I stare at my slippers again, and a new, more daring voice joins the festivities in my crowded head. Just think of it as a simple experiment, Less.
And that decides it.
Smiling, I lift my chin in the air the way I imagine my cousin would, kick off my slippers, and wiggle my toes on the cool, gritty stone. The sensation is scandalously splendid. And deliciously wicked. I wiggle them again and giggle.
Reyna’s snort of amusement snaps me back, reminding me where I am. She bends to place my slippers on the bottom shelf of an elaborate wooden structure, dusts her hands twice, then gives a curt nod. “Come.”
With that, she tromps ahead. I tiptoe in her wake, my wide eyes growing accustomed to the flickering candlelight. On either side of the dotted aisle are never-ending shelves, one side boasting jeweled mysterious objects and the other unlit candles, pottery jars, and numerous labeled vials. It reminds me of an apothecary, though I doubt Reyna traveled five hundred years in time to prepare a remedy for my occasional head pains.

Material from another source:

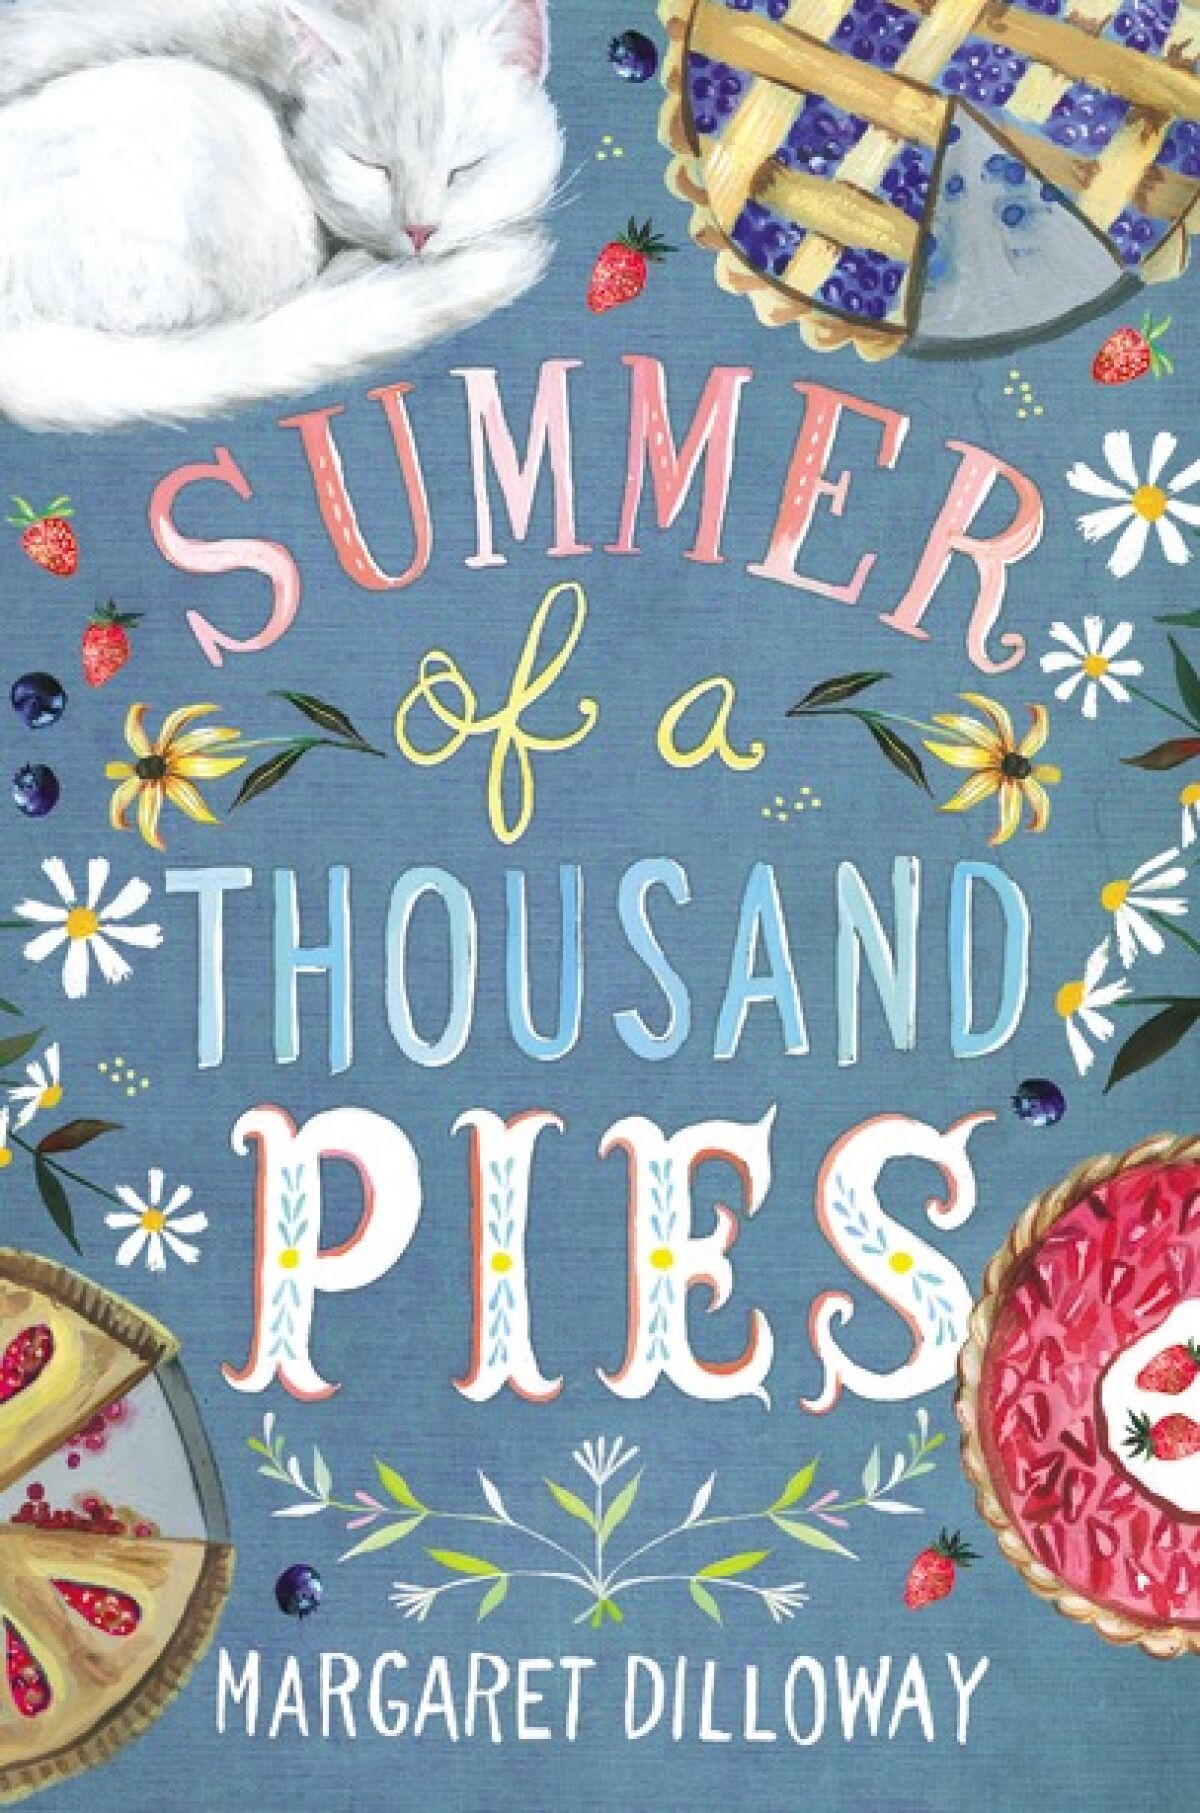 The book cover for "Summer of a Thousand Pies" by Margaret Dilloway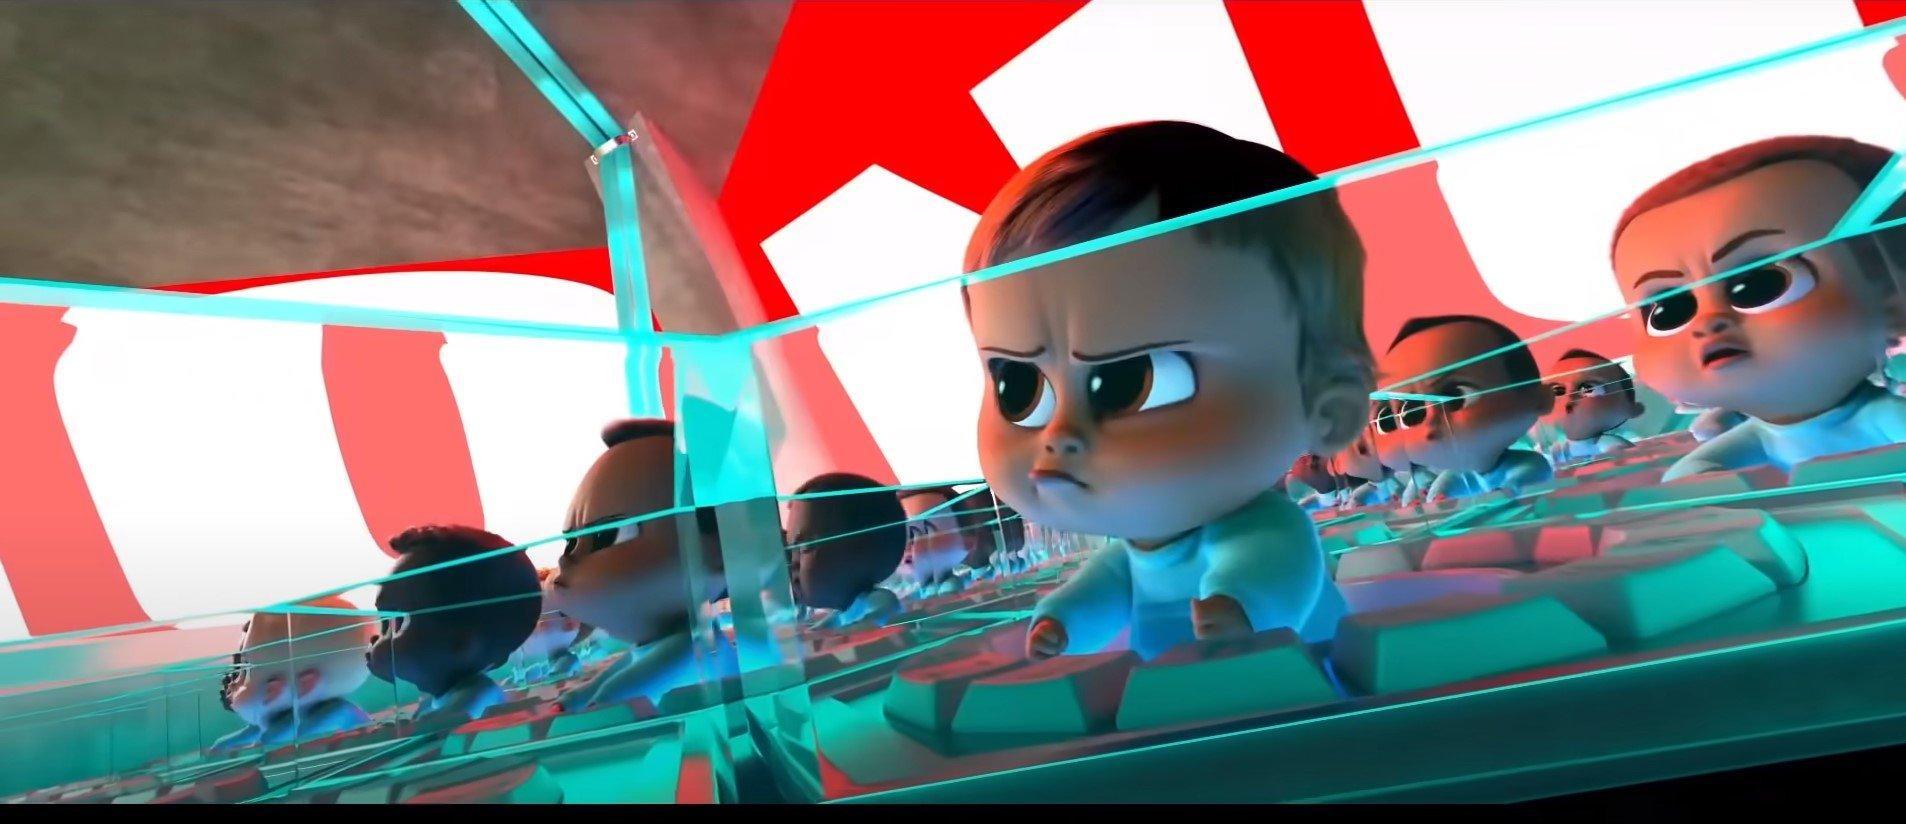 The Boss Baby 2: Family Business

Smoke curls from a jar beside me, and the earthy scent of pine floods my senses. We stop at a small table covered with a black silk sheath, lit by the glimmer of a large sapphire candle. Reyna takes a seat and patiently waits for me to do the same.
Swallowing past the pebble lodged in my throat, I realize I have no idea what will happen next, whether it be good or evil, safe or treacherous. But I cannot continue as things are, always wishing for more. Maybe at the end of this journey, blessed peace awaits. And as for fearing Reyna herself…well, the joy on Cat’s face when she stepped inside this very alcove to return home was unmistakable. Cat trusted her gypsy girl. So shall I.